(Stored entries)
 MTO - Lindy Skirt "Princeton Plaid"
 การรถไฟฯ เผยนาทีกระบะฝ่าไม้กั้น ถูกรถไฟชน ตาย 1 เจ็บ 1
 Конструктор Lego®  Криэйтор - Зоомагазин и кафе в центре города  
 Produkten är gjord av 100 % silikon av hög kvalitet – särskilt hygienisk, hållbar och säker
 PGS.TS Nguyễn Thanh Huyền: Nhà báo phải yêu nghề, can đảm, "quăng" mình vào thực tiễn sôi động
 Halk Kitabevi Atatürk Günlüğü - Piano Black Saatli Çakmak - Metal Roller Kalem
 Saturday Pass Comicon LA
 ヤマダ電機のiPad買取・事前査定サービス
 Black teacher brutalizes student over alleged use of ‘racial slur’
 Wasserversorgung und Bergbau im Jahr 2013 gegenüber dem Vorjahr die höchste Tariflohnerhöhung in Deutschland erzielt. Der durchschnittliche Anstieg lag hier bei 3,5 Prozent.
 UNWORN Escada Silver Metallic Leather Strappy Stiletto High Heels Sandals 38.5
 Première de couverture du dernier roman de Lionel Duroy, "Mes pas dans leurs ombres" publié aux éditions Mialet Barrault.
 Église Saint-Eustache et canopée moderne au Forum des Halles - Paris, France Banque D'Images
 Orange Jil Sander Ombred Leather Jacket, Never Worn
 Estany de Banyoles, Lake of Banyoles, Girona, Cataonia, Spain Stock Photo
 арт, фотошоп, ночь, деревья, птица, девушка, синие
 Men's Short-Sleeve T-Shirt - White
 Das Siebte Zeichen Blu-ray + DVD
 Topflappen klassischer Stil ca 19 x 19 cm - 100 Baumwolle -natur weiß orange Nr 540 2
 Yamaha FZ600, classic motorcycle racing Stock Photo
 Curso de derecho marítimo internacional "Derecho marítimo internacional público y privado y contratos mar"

What to do: Check each line of the entries above for the string "Stock", and return those that contain it.

Completed task:
 Estany de Banyoles, Lake of Banyoles, Girona, Cataonia, Spain Stock Photo
 Yamaha FZ600, classic motorcycle racing Stock Photo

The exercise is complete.